- [PROBLEM DETAILS]: Leaving out every picture, quote the data below exactly as it appears.

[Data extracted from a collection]
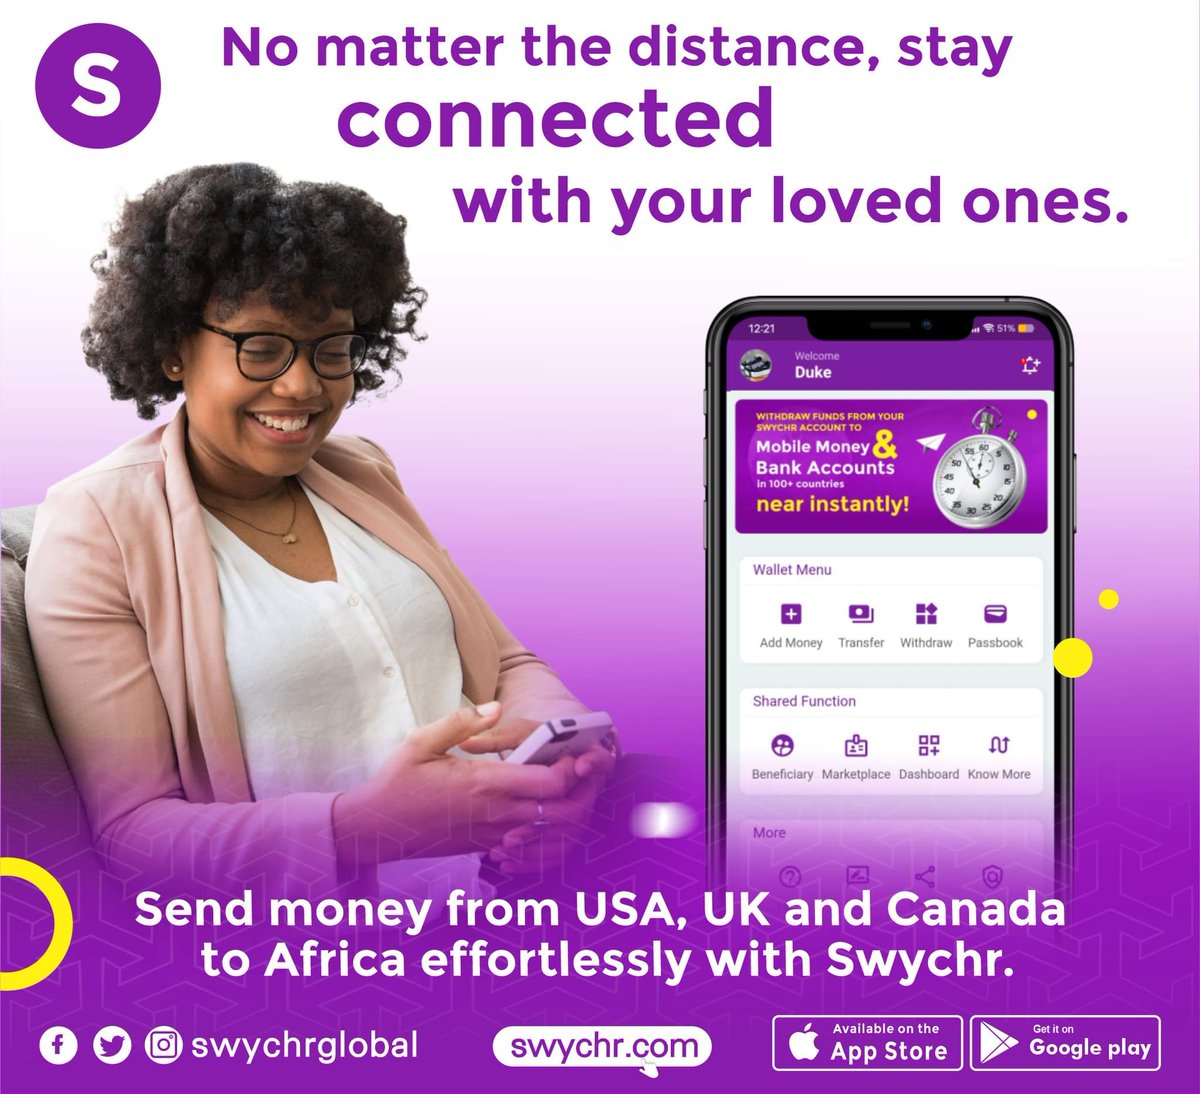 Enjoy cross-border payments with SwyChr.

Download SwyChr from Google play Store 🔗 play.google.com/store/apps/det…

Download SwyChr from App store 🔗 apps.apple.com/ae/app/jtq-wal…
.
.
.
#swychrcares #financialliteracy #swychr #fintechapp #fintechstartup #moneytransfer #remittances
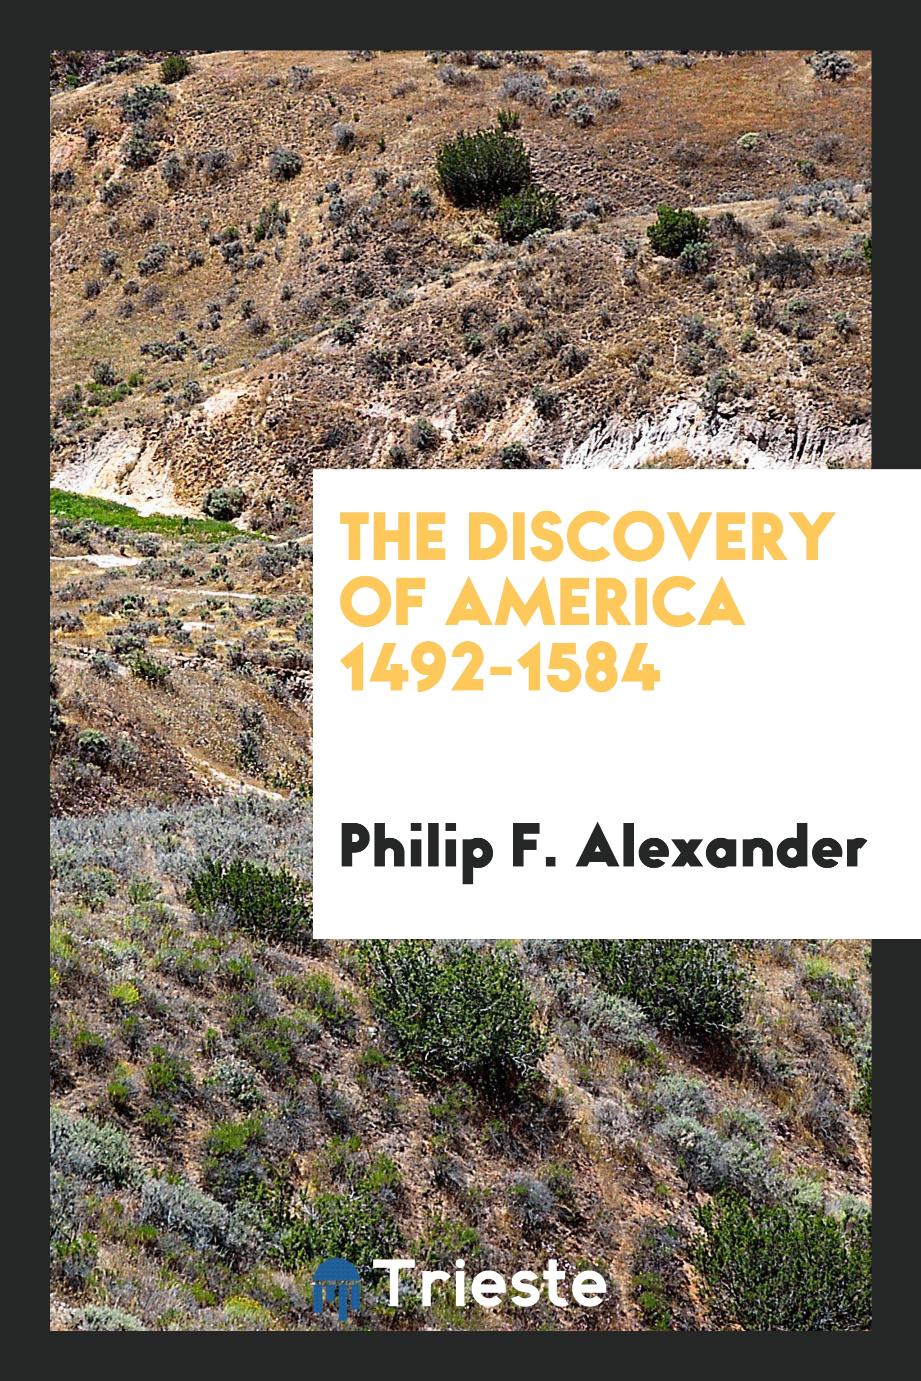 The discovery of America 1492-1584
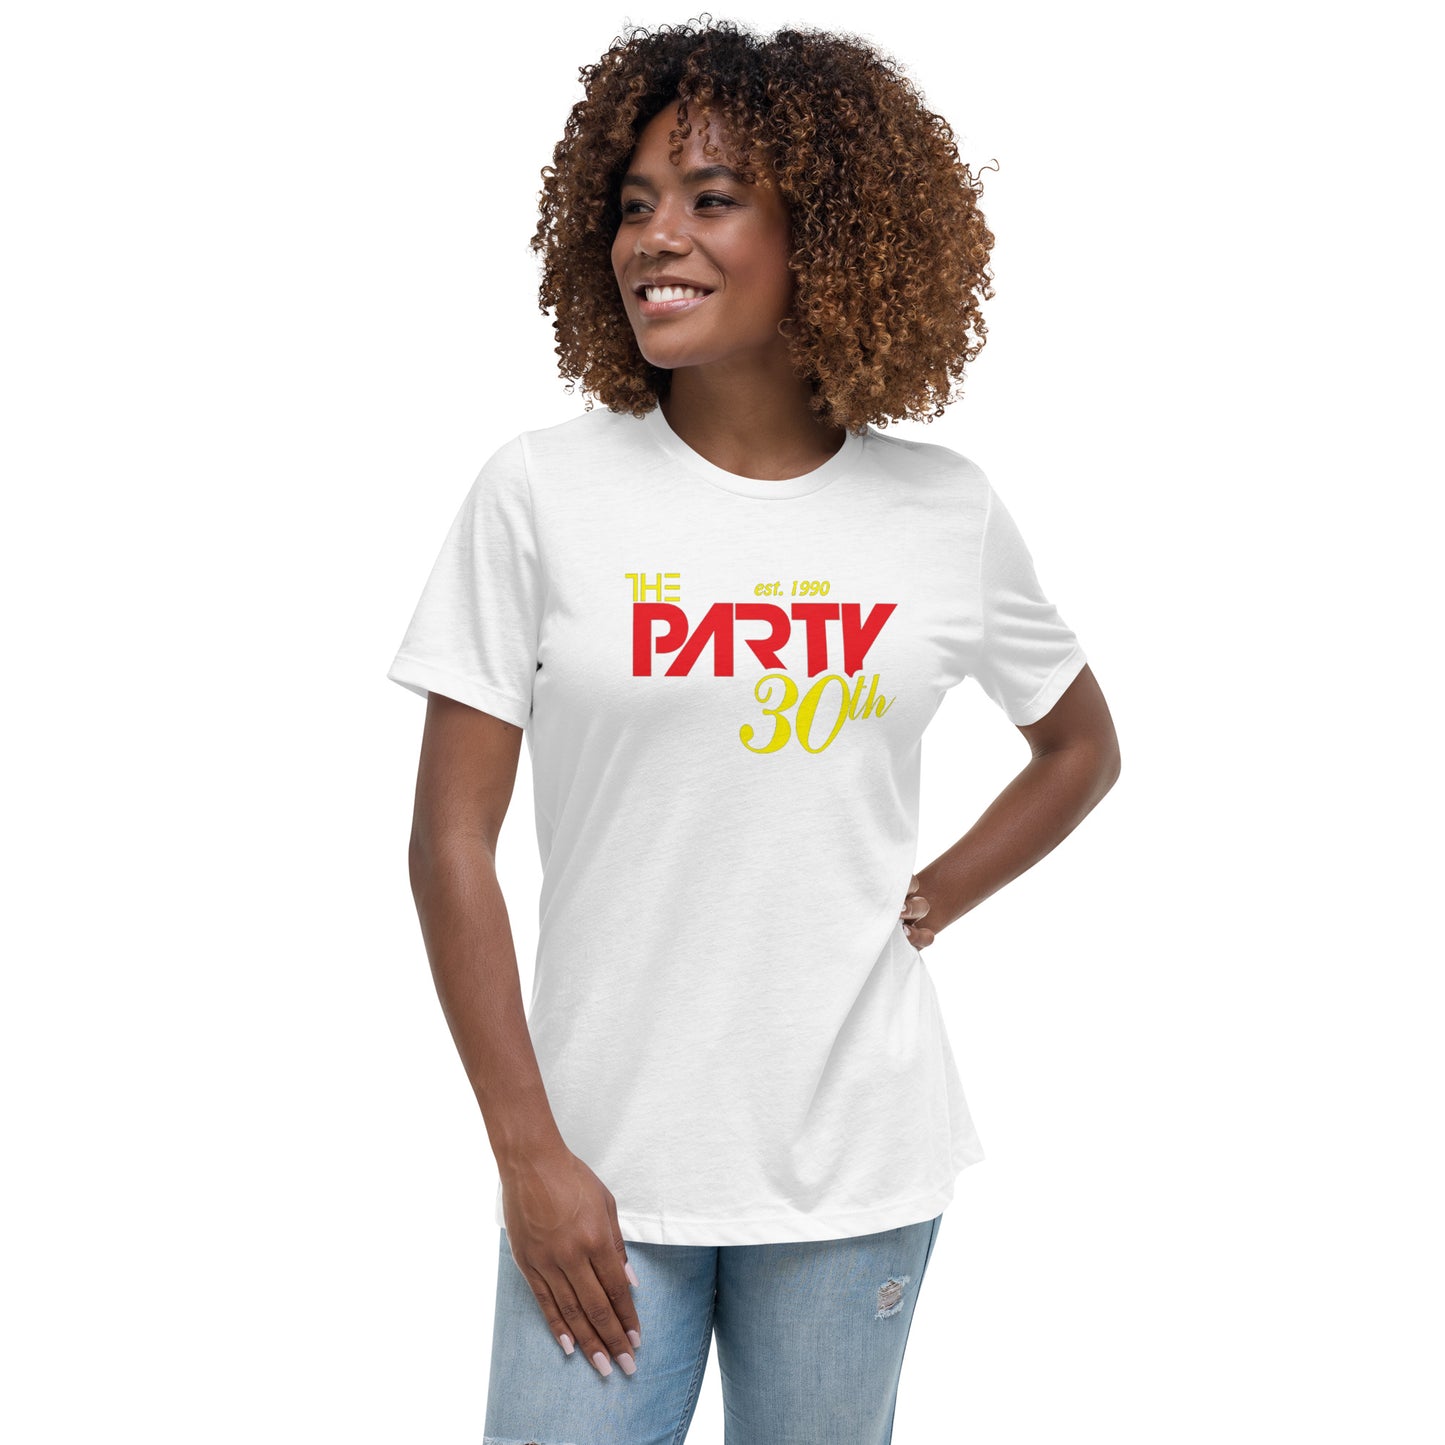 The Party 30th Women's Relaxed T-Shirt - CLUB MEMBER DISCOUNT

- [YOUR SOLUTION]:
 Enjoy cross-border payments with SwyChr.

Download SwyChr from Google play Store 🔗 play.google.com/store/apps/det…

Download SwyChr from App store 🔗 apps.apple.com/ae/app/jtq-wal…
.
.
.
#swychrcares #financialliteracy #swychr #fintechapp #fintechstartup #moneytransfer #remittances
 The discovery of America 1492-1584
 The Party 30th Women's Relaxed T-Shirt - CLUB MEMBER DISCOUNT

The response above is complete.